Live Review: The Night Terrors

9 July 2012 | 5:55 pm | Esther Rivers

"We are greeted by the spooky image of a (static-filled) triangle above the heads of the band."

Welcome to the dungeon. Toff In Town has been transformed into a gothic, parallel universe where the lights play magic tricks on your vision and the electronic beat becomes the pulse through your own veins. Picture something akin to Goblin playing in Doctor Who's (very dark) engine room.

Forces, described later by The Night Terrors' Miles Brown as “the sexiest men we know”, prove that this wave of electronic music is reaching extraordinary levels. Amidst puffs of smoke, strobe lights and some seriously smooth dance moves, the duo concoct the beats for the evening.

The curtains close in preparation for The Night Terrors and, when they are drawn open again, we are greeted by the spooky image of a (static-filled) triangle above the heads of the band. Yet few can take their eyes off the towering presence of Brown, the theremin wizard. Starting on bass, he plays with ease and looks to synth player Nedd Jones with a cheeky smile that says, “Fuck, yeah, let's do this.” The crowd respond and the beat lifts – always moving, always pulsing – until Brown steps up to the theremin, threading the soundwaves to the beat. The theremin is an extraordinary and beautiful instrument and it is an extraordinary and beautiful thing to watch Brown play it. The sound is oddly stunning, albeit peculiar, rendering an emotional reaction to this layering of sound. People are dancing in the dark as if possessed and we find ourselves equally entranced.

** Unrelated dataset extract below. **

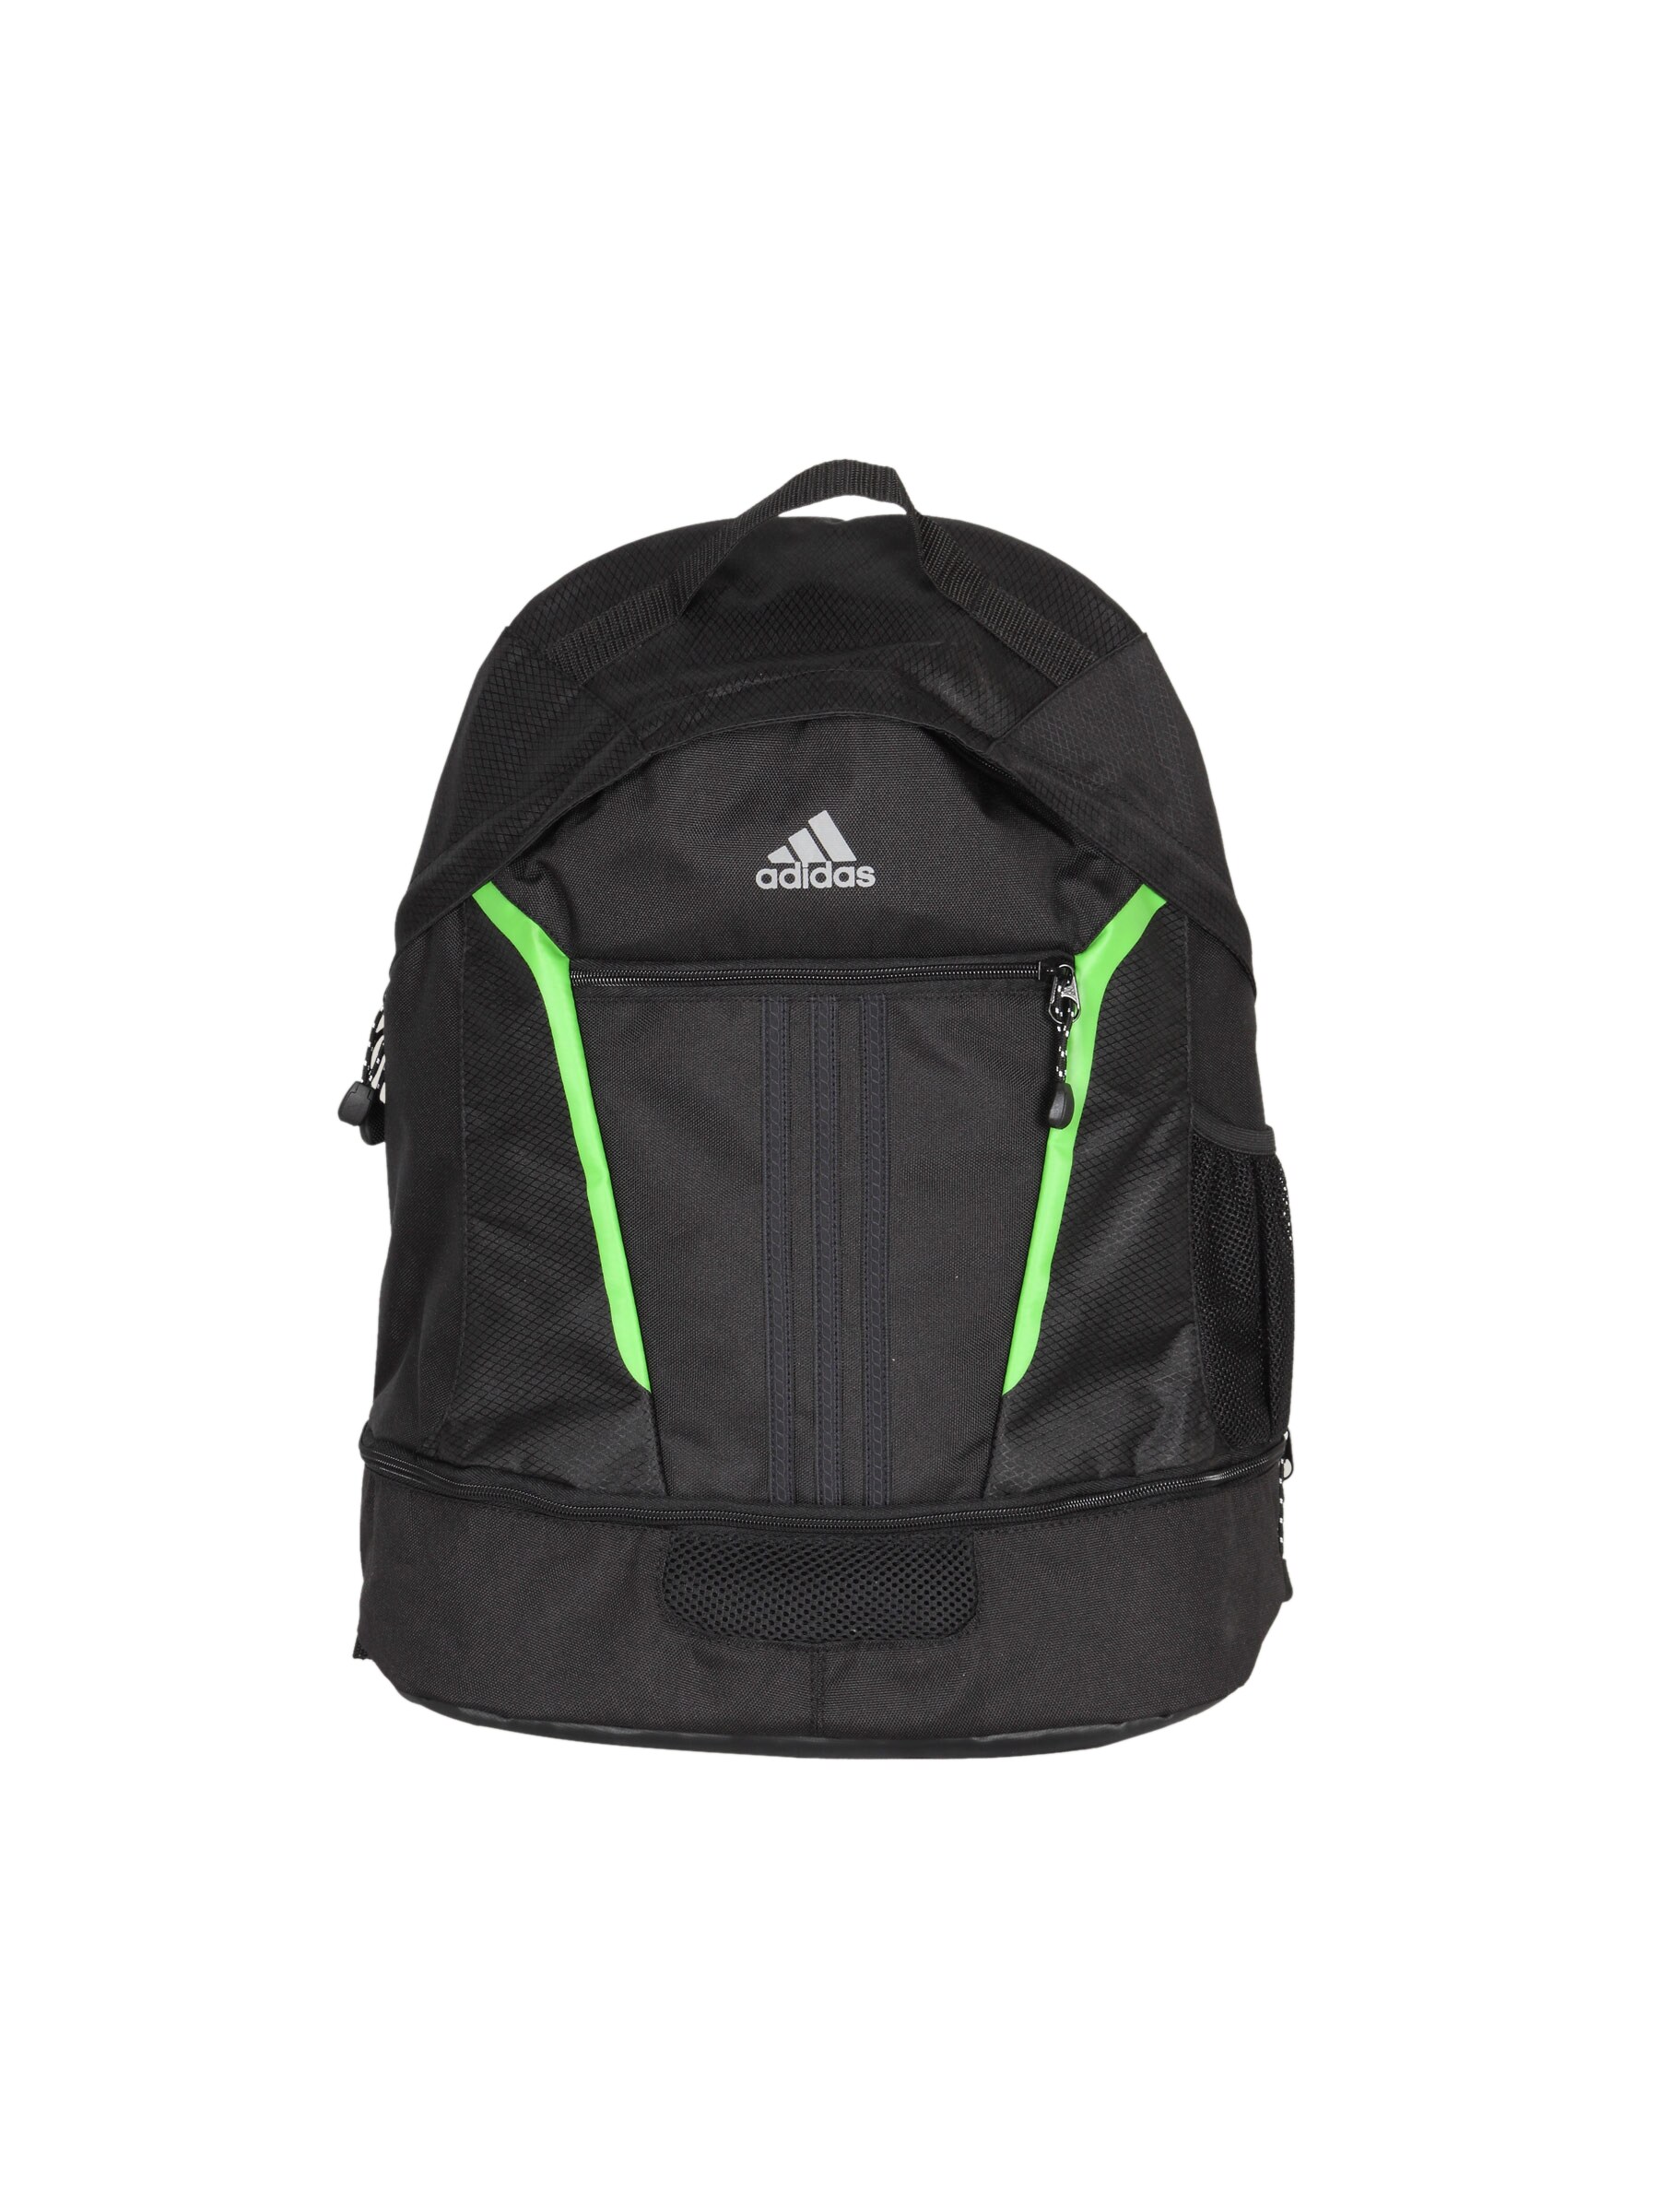 ADIDAS Unisex C365 Black Backpack

The Night Terrors play numbers both old and new and describing these haunting tunes is somewhat difficult. Single words spring to mind: sky, space, travel, dreamscape, running, darkness, astral, heavy, light, magic, movement, terror. The sounds of the theremin provide such a wonderful juxtaposition to the synth-heavy rock music and create a fantastic escape for the darker musical souls of Melbourne city. Blasts of light and smoke burst across the stage as the songs intensify to keep stride with strong metal riffs. The result is an all-encompassing wall of rhythmic sound, a spectacularly original and brilliant performance, rising from the playground of nightmares. “Thanks for coming Melbourne, you sexy devils,” says Brown, before thrashing along to finish the set. No, thank you.